It's difficult for anyone who grew up on CGI to even contemplate, and for anyone who doesn't know how difficult it is to get a low-budget film made, let alone something like Apocalypse, the Herculean effort that went into making that film. Everything in it is real. Captured on film.
It literally broke and bankrupted Coppola. He made the Godfather, GF2, The Conversation and Apocalypse. 4 masterpieces. He made some good films after that, some mediocre and a few stinkers. But Apocalypse kind of ruined him.
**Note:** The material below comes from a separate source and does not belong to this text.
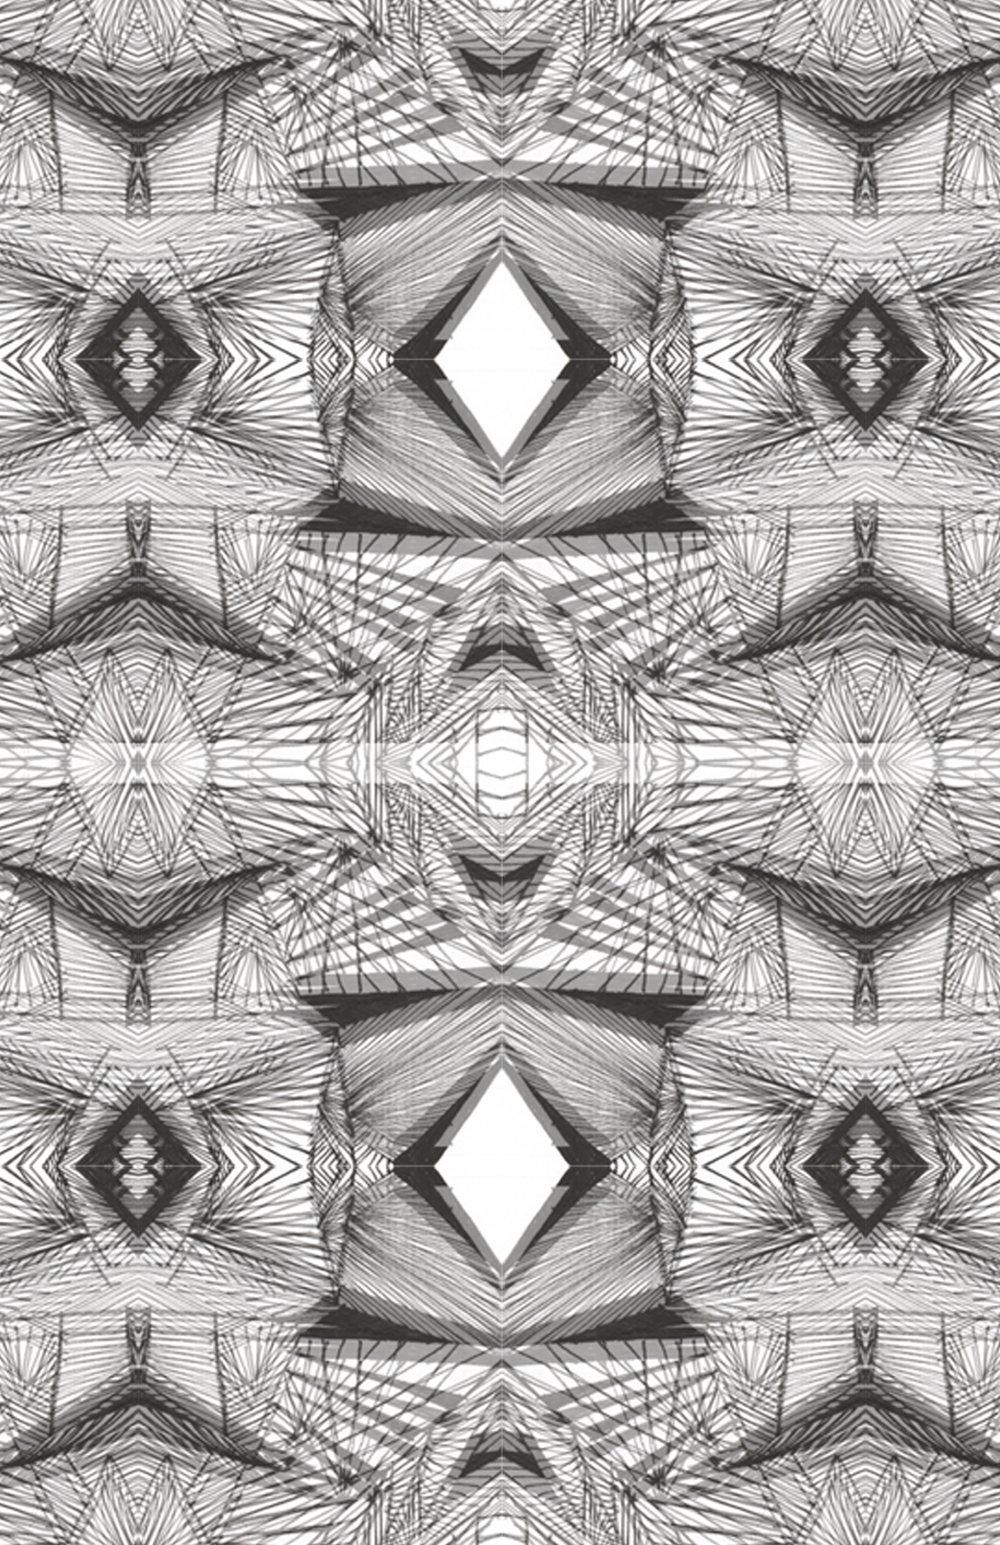 pattern3-1.jpg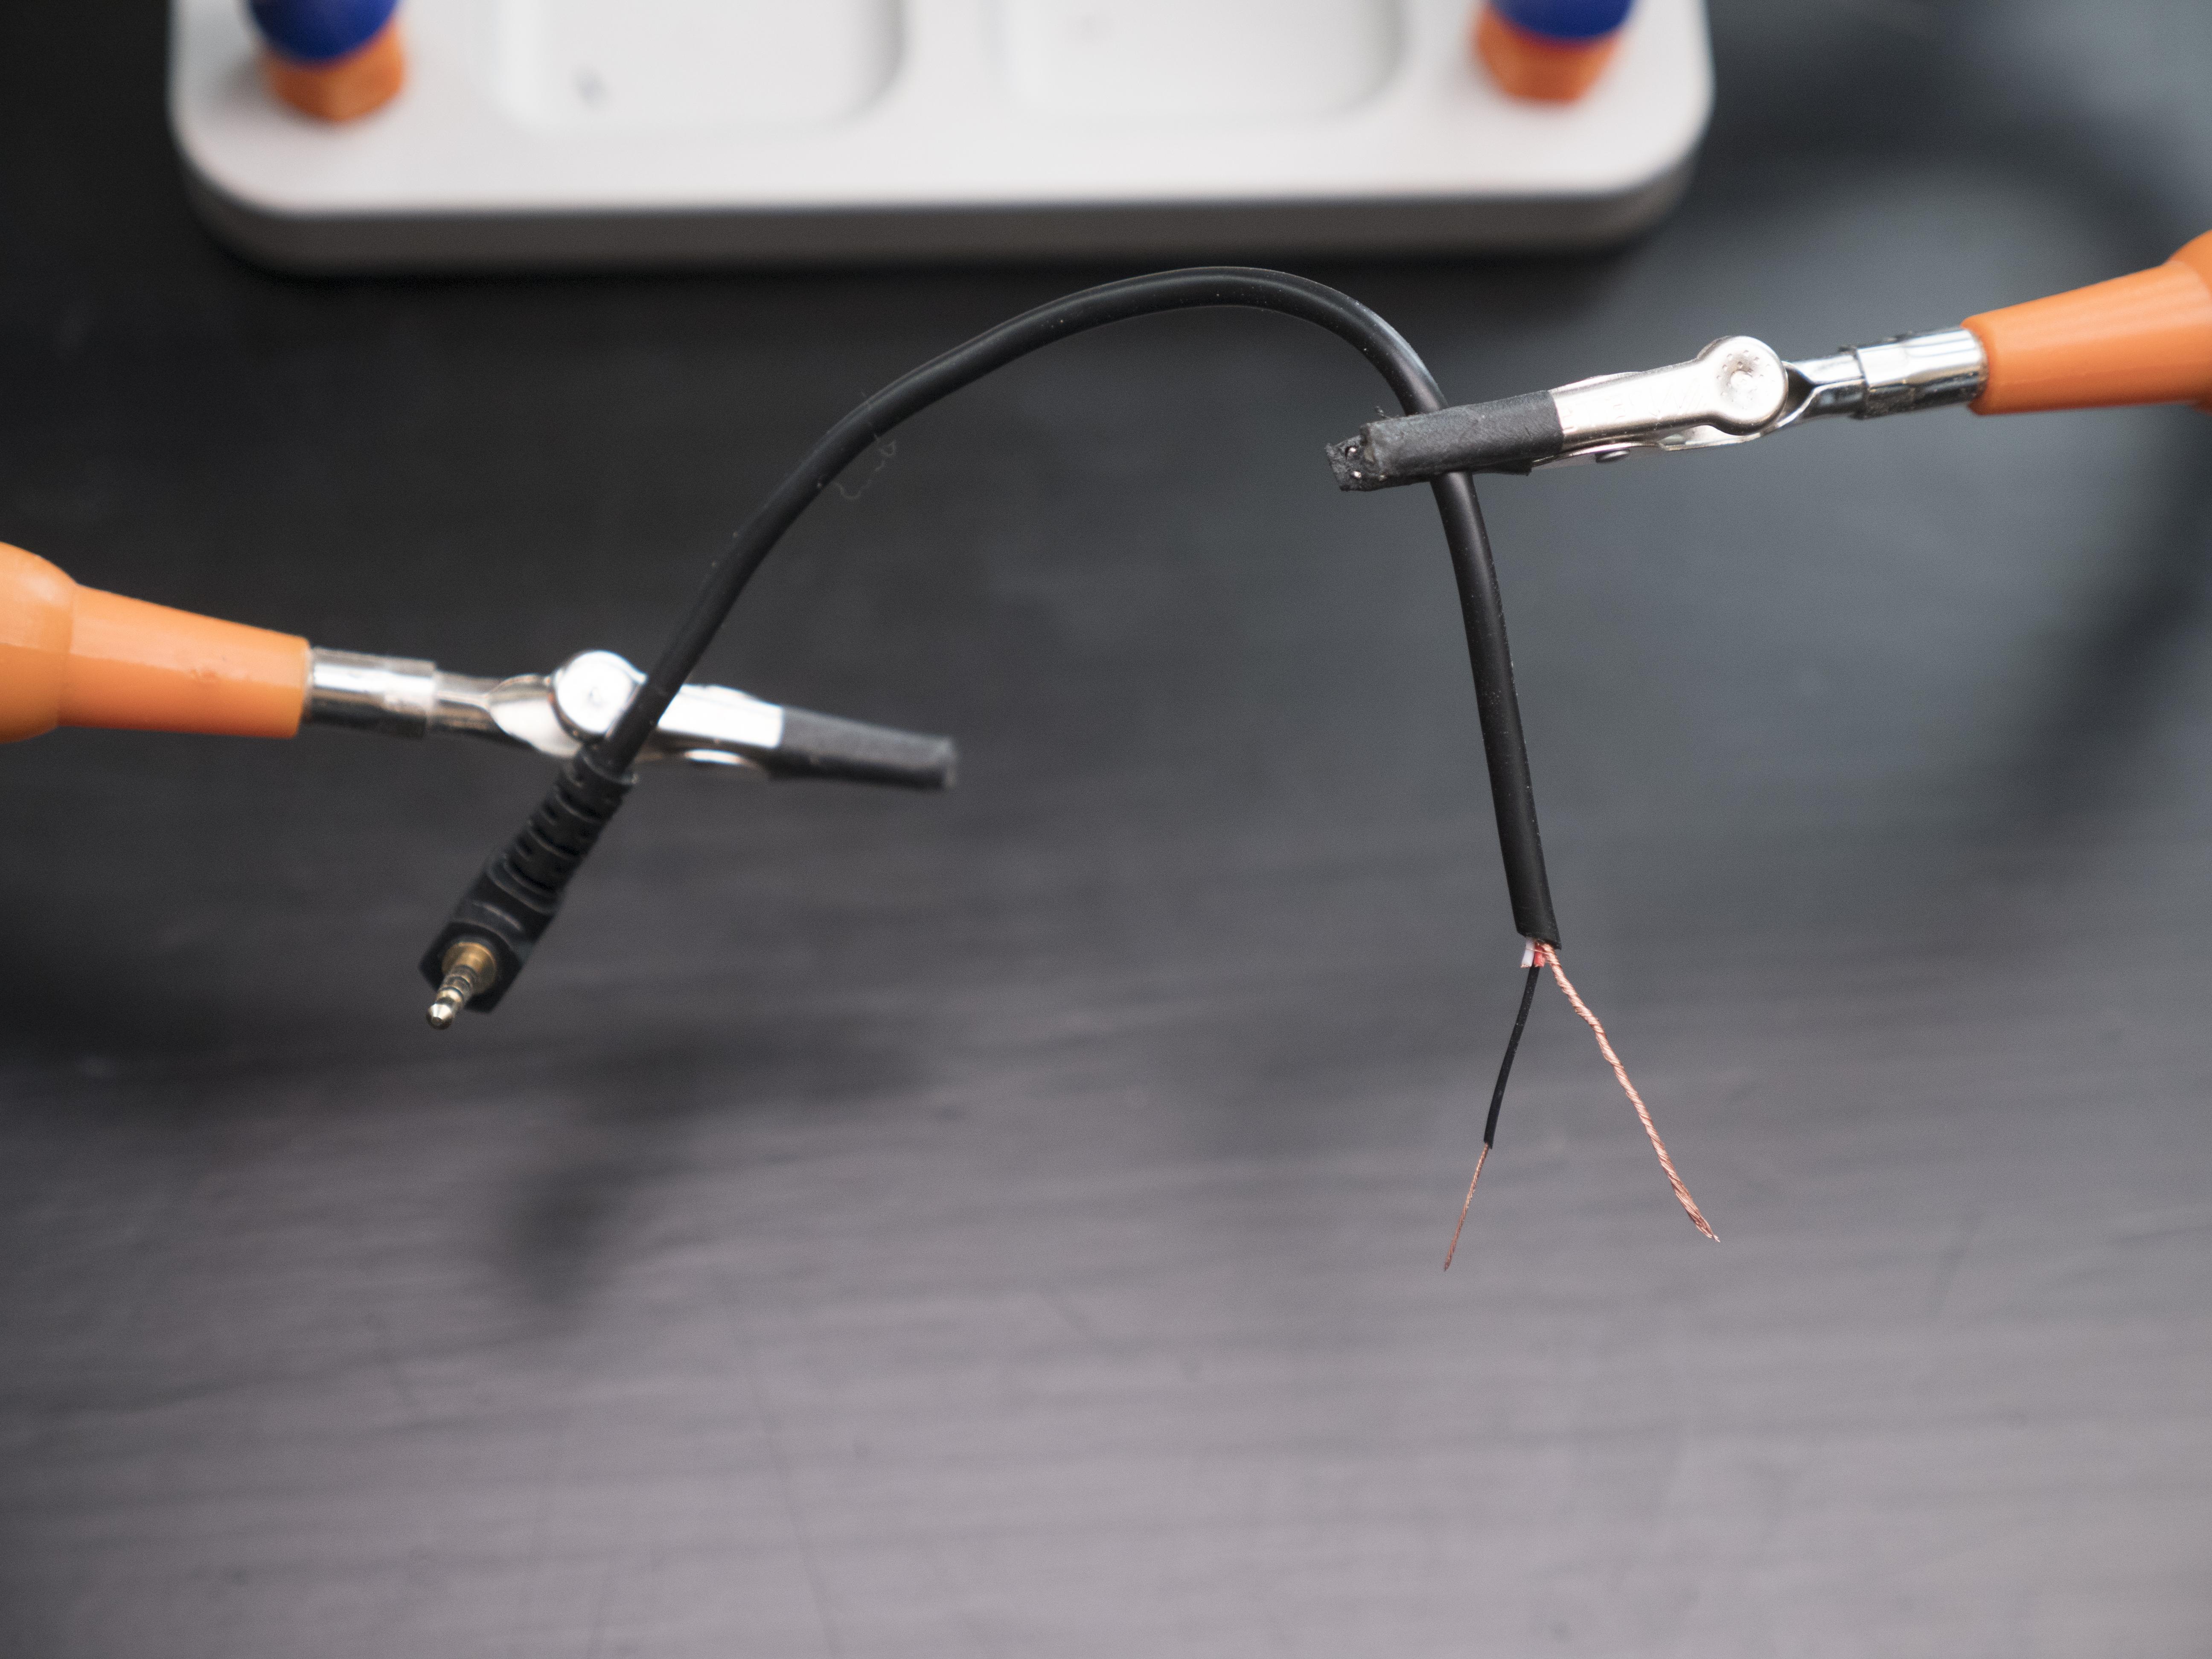 Picture of Prepare 2.5mm Connector

What a high to peak on though.
Yeah the making of Apocalypse Now is almost as interesting as the movie itself - like I said earlier the 70s the studios let the director do what they wanted because they were making hits but then it lead to this where they were way over budget / shooting / etc - replacing Harvey Keitel after a month of shooting with Martin Sheen, then he has a heart attack and everything else. I think they said the original cut is something like 5 or 6 hours so they really went crazy with it. On top of all that they had to deal with Brando (who the studio was against for being in the Godfather since he was known to be so difficult) and all his wacky shit. I think they had to build him a house boat that had to be carried around by the crew.
Coppola was really never the same after that, I know he’s been making a movie recently that I’ve heard is having “apocalypse now” type problems and I think he put up a good part of the money for it by selling part of his Coppola wine.
Lads, I'm fascinated by the old Hollywood way of handmade sets, beautiful matte background, and hundreds to thousands of extras. It was a real life feeling that I don't see anymore because of how Hollywood has become just another business.
- Universals Hunchback of Notre Dame with Lon Chaney was a million dollar picture, could've broke them if it didn't make bank (which it did); but after the horror boom of the early thirties, a string of failures pulled Universal away from the Laemle family, bought numerous times over by non-entertainment companies like MCA and GE until Comcast recently landed them.
- Cleopatra by Fox, with Elizabeth Taylor, almost killed Fox - which was bought later on by Australian cunt Rupert Murdoch, and recently sold to Disney.
- Paramount about broke itself when the theater monopolies were outlawed and sold off practically all their old library (oddly enough, owned by Universal now). They're looking for new owners as we speak.
- Citizen Kane, and the deal they made with Orson Welles, nearly broke RKO thanks to William Randolph Hearst having a bug up his ass about the real meaning of the movie. They became a shell and the library was bought by Ted Turner, whom got bought out by Warner Brothers.
- Cimino's Heavens Gate about killed United Artists, which is why it merged with the rotting corpse of MGM - which just recently was bought by Amazon.
- And look at what's been happening with Warner Bros., all thanks to a board looking for a payout, selling it to AT&T who then strips it bare and sells it to Discovery. They were my favorite studio and it's a bloody corpse now.
The New Hollywood era, while it's not my favorite, was supposed to be the rebirth of art in film. It's why that era is so many other people's favorite. And we all know when it died - when Vic Morrow and two Vietnamese kids were decapitated by a crashing helicopter.
But that's a story for another time. I'm a little drunk.